The aftermath wasn't clean, and it wasn't easy.
Todd didn't go quietly. He tried to scramble, tried to blame me, tried to play the victim. But when I handed over the digital evidence to the police—the camera footage, the emails to Arlo, the insurance inquiries—his narrative crumbled. He wasn't charged with felony grand larceny, but he was fired from his insurance job, and he’s facing civil litigation that will keep his credit score in the gutter for the next decade. He left town shortly after.
Ren came home. Not to the shop, but to me.
We spent a long time sitting on the back porch of my house, the one with the creaky swing. We didn't talk about the clocks. We talked about her. We talked about how easy it is to believe a lie when you’re desperate to be happy. We talked about boundaries.

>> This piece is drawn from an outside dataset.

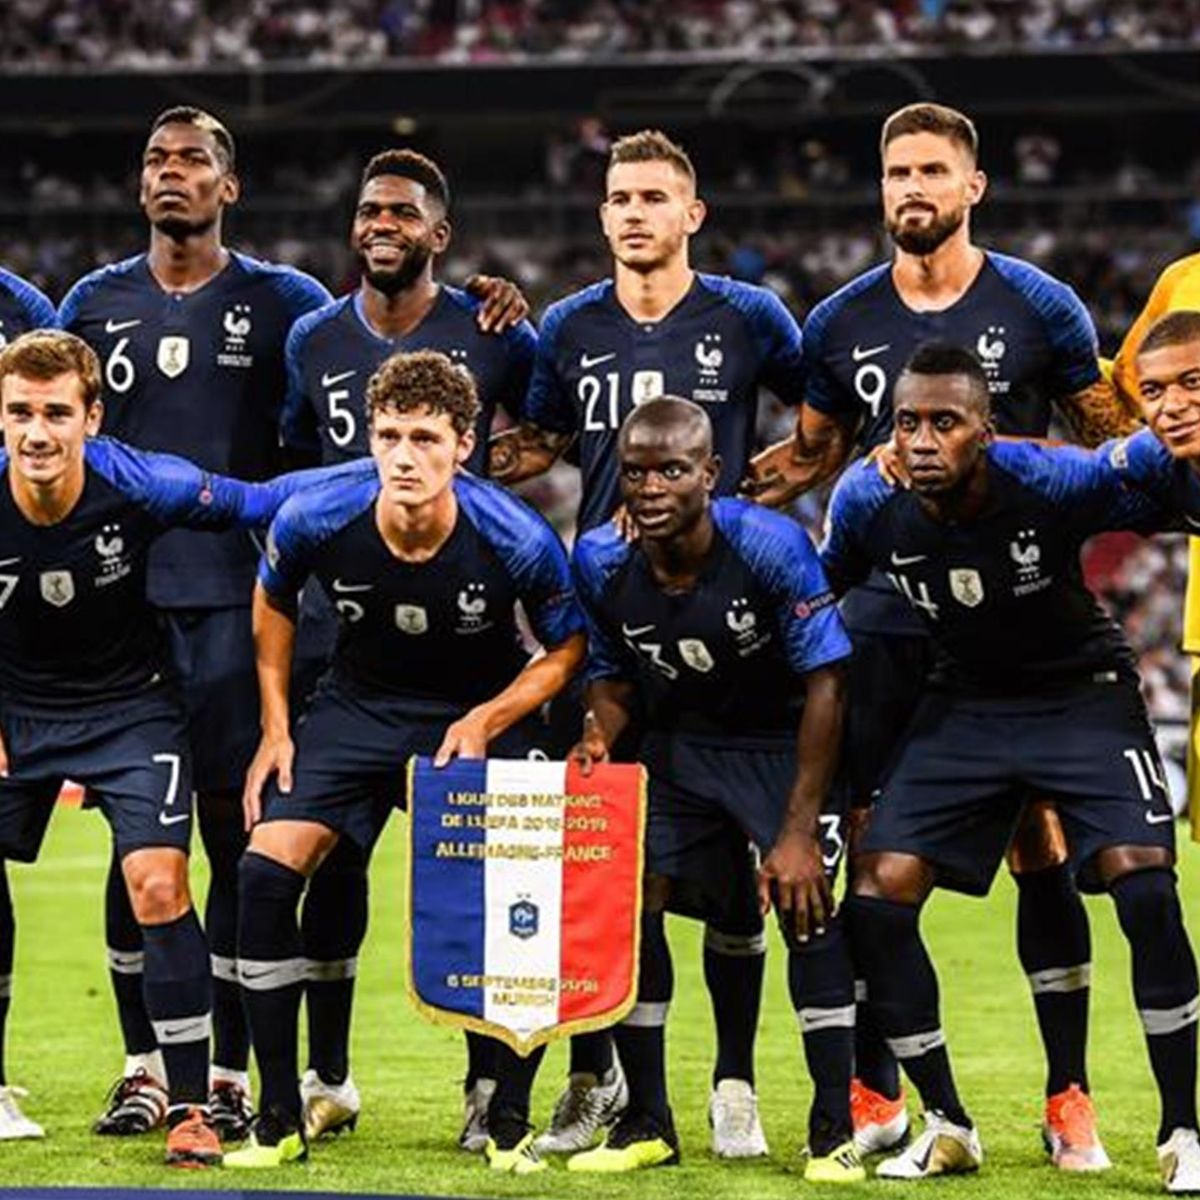 La odisea regalar la camiseta de la francesa dos estrellas - Eurosport

She’s going to be a great mother. She’s stronger than she realizes. She had to learn the hardest lesson early: that love isn't just about feeling good; it’s about knowing the truth.
As for the shop? O'Brien and Company is still here. The clocks still tick. But the atmosphere has changed. Midge is still my right hand. She’s cutting back to three days, and I’ve hired a young apprentice—a quiet kid who actually cares about the craft and doesn't look at the inventory like it’s a paycheck.
I sold the Seth Thomas regulator. Not to Arlo, and not to a dealer. I sold it to a museum in Cincinnati, a place where it will be kept behind glass, preserved, and appreciated for what it is: a piece of history.
People tell me, "You should have kept it, Natalie. It was your dad’s."
But that’s the thing about legacy. You don't honor the past by letting it chain you to the present. My father loved that clock, but he would have hated what it turned into. He would have hated the greed and the theft. By letting it go, I regained my peace.
I’m 34. I’m a mother to a daughter who is learning to stand on her own two feet. I’m an artisan who works with her hands. And most importantly, I’m the trustee of my own life.
I learned that you can’t protect people from their own choices. All you can do is hold the line. You keep your boundaries, you keep your truth, and you keep your eyes open.
And if anyone—family, friend, or stranger—tries to tell you that you’re "obsessed" or "crazy" for protecting what is yours, you smile, you nod, and you show them the exit.
My shop is quiet tonight. Well, it’s not quiet. It’s full of sound. The rhythm of a hundred different movements, all perfectly synchronized. It’s a heartbeat. And for the first time in a long time, it feels like my own.
If there’s one thing I’ve learned, it’s that time is the one thing you can’t recover. Don't waste yours on people who don't know the value of your history.
Thank you for listening. Keep your clocks wound, and keep your doors locked.